Dejar mis dedos trabajar por mí, hacer volar a la mente hasta límites insospechados. Cerrar los ojos mientras escribo, mientras mi imaginación encuentra lugares sorprendentes donde divertirse y crear nuevas historias. Historias irreales en el mundo real pero reales en mi imaginación, donde, por un momento, el mundo real se transforma en irreal y lo único que valen son las letras, las palabras, las frases, las metáforas, las anáforas, y, si me apuras, los paralelismos. 

Necesito regresar a este rincón para esconderme durante varios minutos de la fría, hostil y violenta realidad que me rodea. Llamémoslo mundo, llamémoslo planeta Tierra, llamémoslo sociedad, llamémoslo país en crisis, llamémoslo problemas políticos, llamémoslo hipocresía, llamémoslo demagogia barata, llamémoslo violencia, llamémoslo época de exámenes, llamémoslo folios, apuntes y diapositivas que estudiar. Llamémoslo agobios, carrera, dolores de cabeza y ganas de llorar. Y, por qué no, llamémoslo momentos felices, risas, lágrimas de alegría y las mejores compañías.

Pero quiero que por un tiempo lo único válido sea esto. ESTO. Este fluir de letras, el sonido de las teclas y mi mente volando al infinito y más allá. ¿Que tendría que estar estudiando? Sí. Pero eso ahora mismo no importa. Lo que importa es esto que está pasando ahora mismo. Algunos lo llamarán escribir, otros, ingenuos, lo denominarán la actividad más aburrida del mundo. Yo prefiero considerarlo magia. No hay nada más mágico que crear algo desde cero. Desde la blancura del documento de texto más blanco, hasta la preciosidad de un escrito, lleno de palabras que hacen frases y frases que hacen párrafos. Y párrafos que conforman un texto, donde cada letra, cada palabra, cada frase, cada punto y cada coma se juntan para cobrar sentido y contarte la historia más maravillosa del mundo. O quizá no, pero sí mágica, porque ha sido creada desde cero, y la persona que la ha visto nacer y crecer es la que más lo ha disfrutado.

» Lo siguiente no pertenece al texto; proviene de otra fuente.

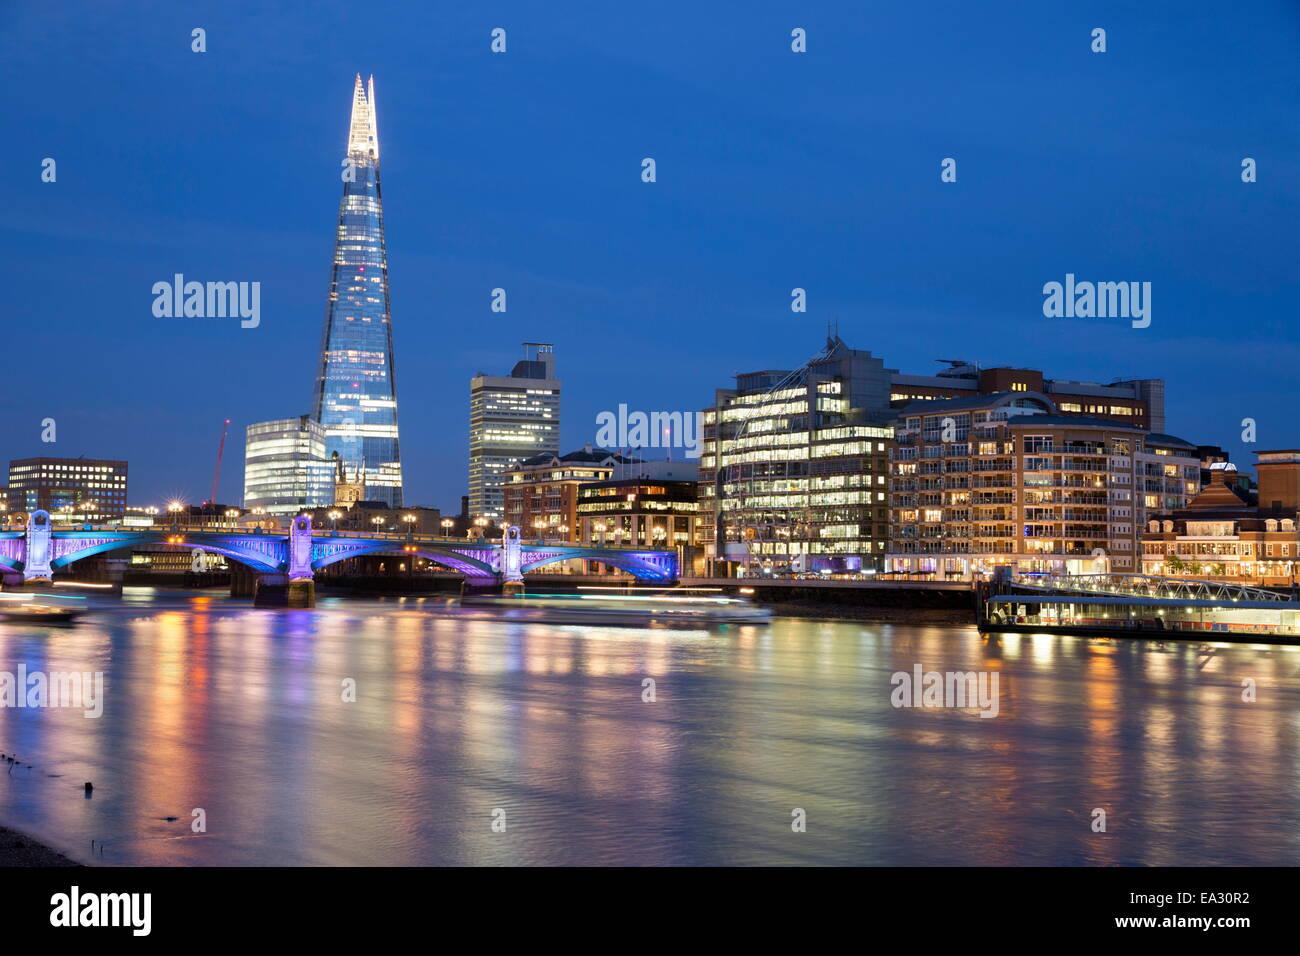 Vue sur la Tamise avec le tesson, Londres, Angleterre, Royaume-Uni, Europe Photo Stock
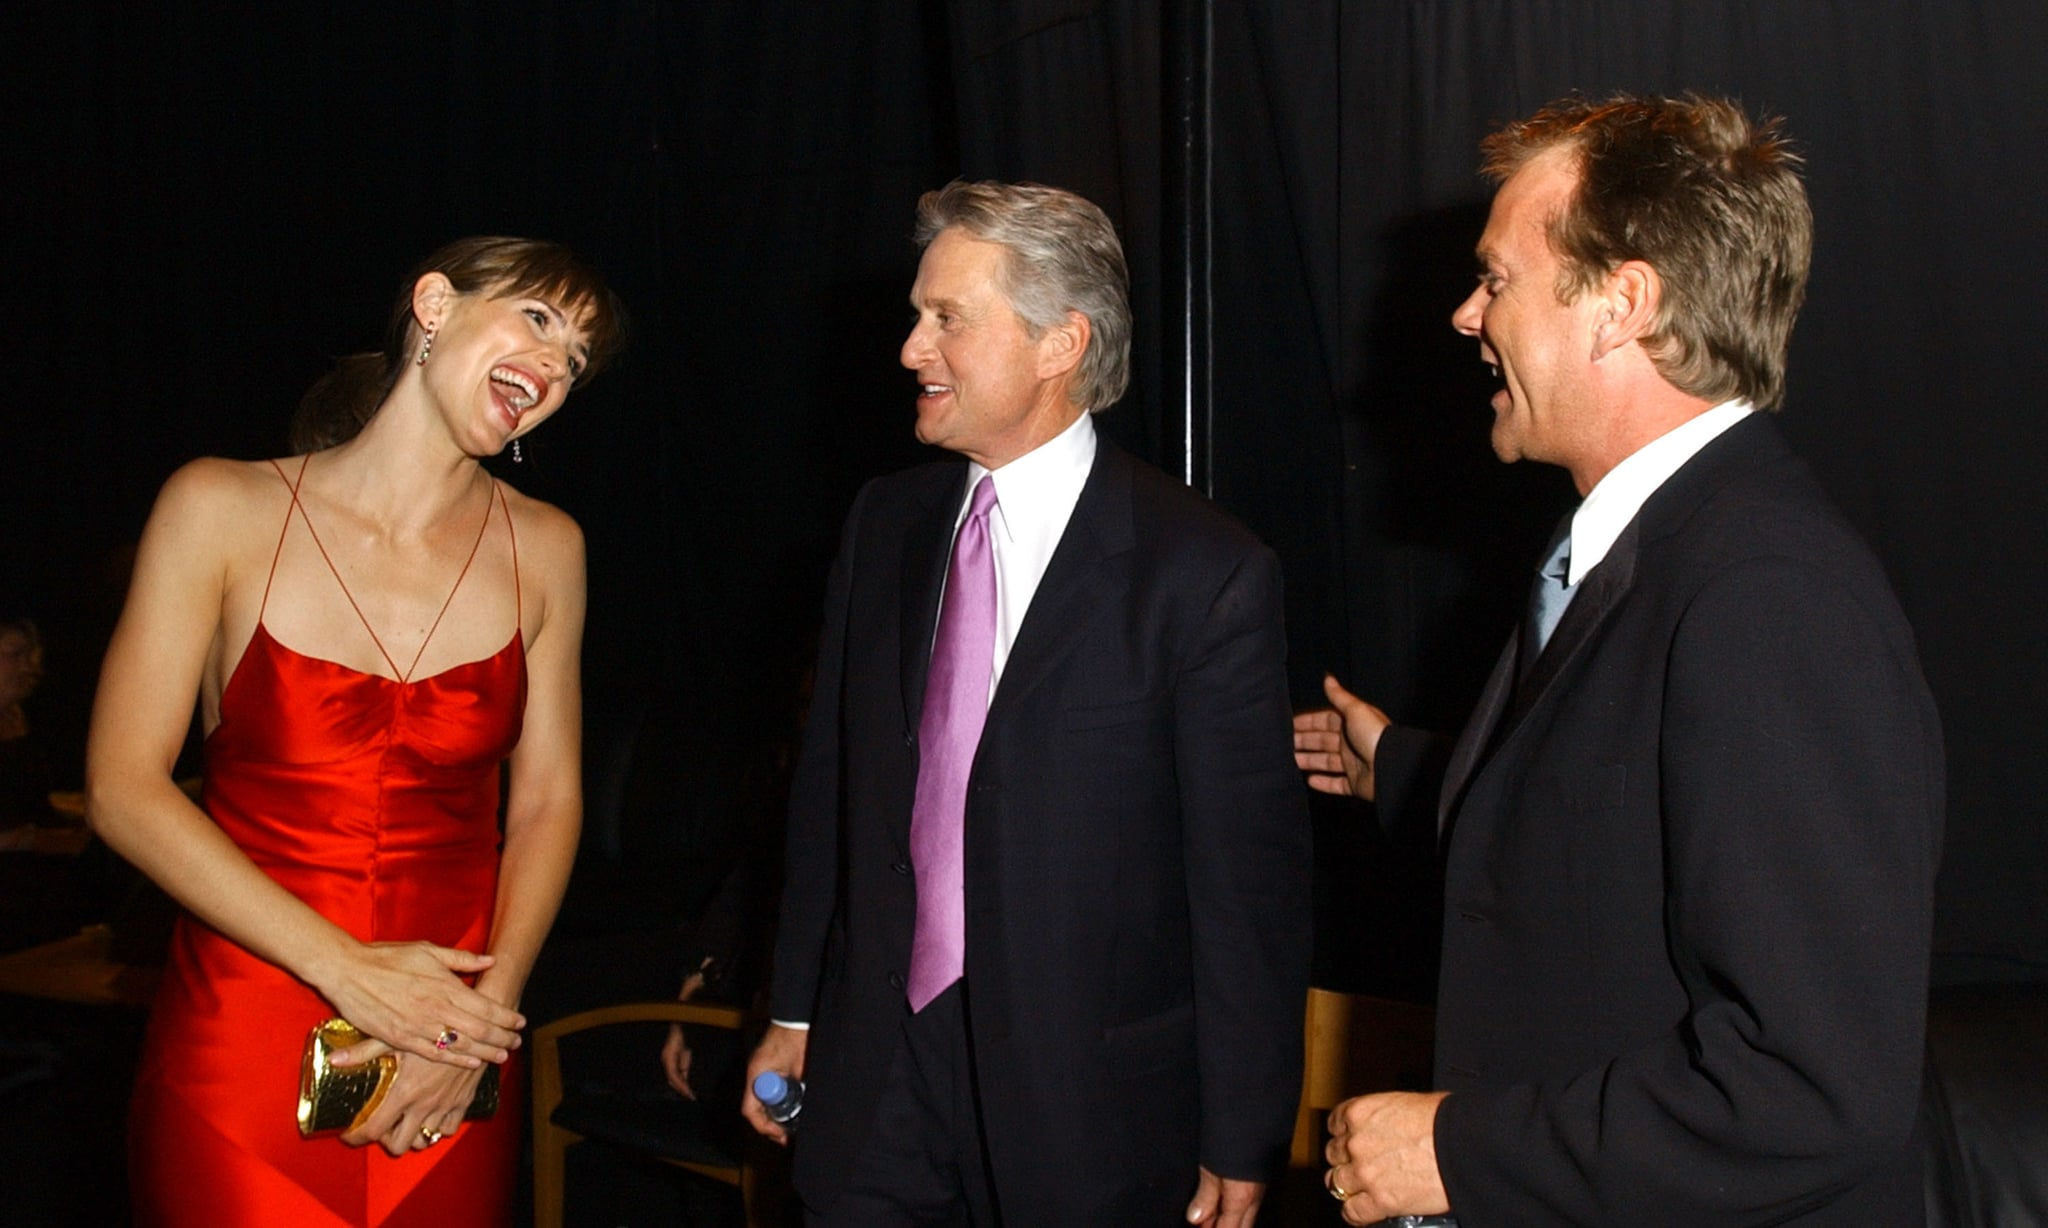 Jennifer Garner, Michael Douglas, and Kiefer Sutherland shared a moment backstage in 2004.

Y eso es lo importante. Quizá esto no tenga los mejores escritos del mundo, ni las historias más interesantes. Pero la escritora se evade del mundo real cada vez que viene aquí a refugiarse: de la realidad externa e interna. De mi realidad, de mi persona. Y es lo que me hacía falta. Aquí dentro todo sienta mejor, todo mejora, todo a mi alrededor desaparece por unos ansiados instantes.

Tras años sin escribir vuelvo con más ganas que nunca. Lo necesitaba. Y mis dedos, y mi mente, que vuela más alto y más rápido que cualquier mente en el mundo.

Soy un mago que fue despojado de su varita mágica hace dos años. Y hoy, como por arte de magia, la ha recuperado, para con sus alas volar, y volar, y volar.

2 comentarios:

  1. Tus palabras me han emocionado, con todas estas letras dan ganas de hacer, como lo llamarias tu, magia. Sigue haciendolo porque siempre que hay magia, siempre que hay un mago, hay espectadores para disfrutar de ella. :-)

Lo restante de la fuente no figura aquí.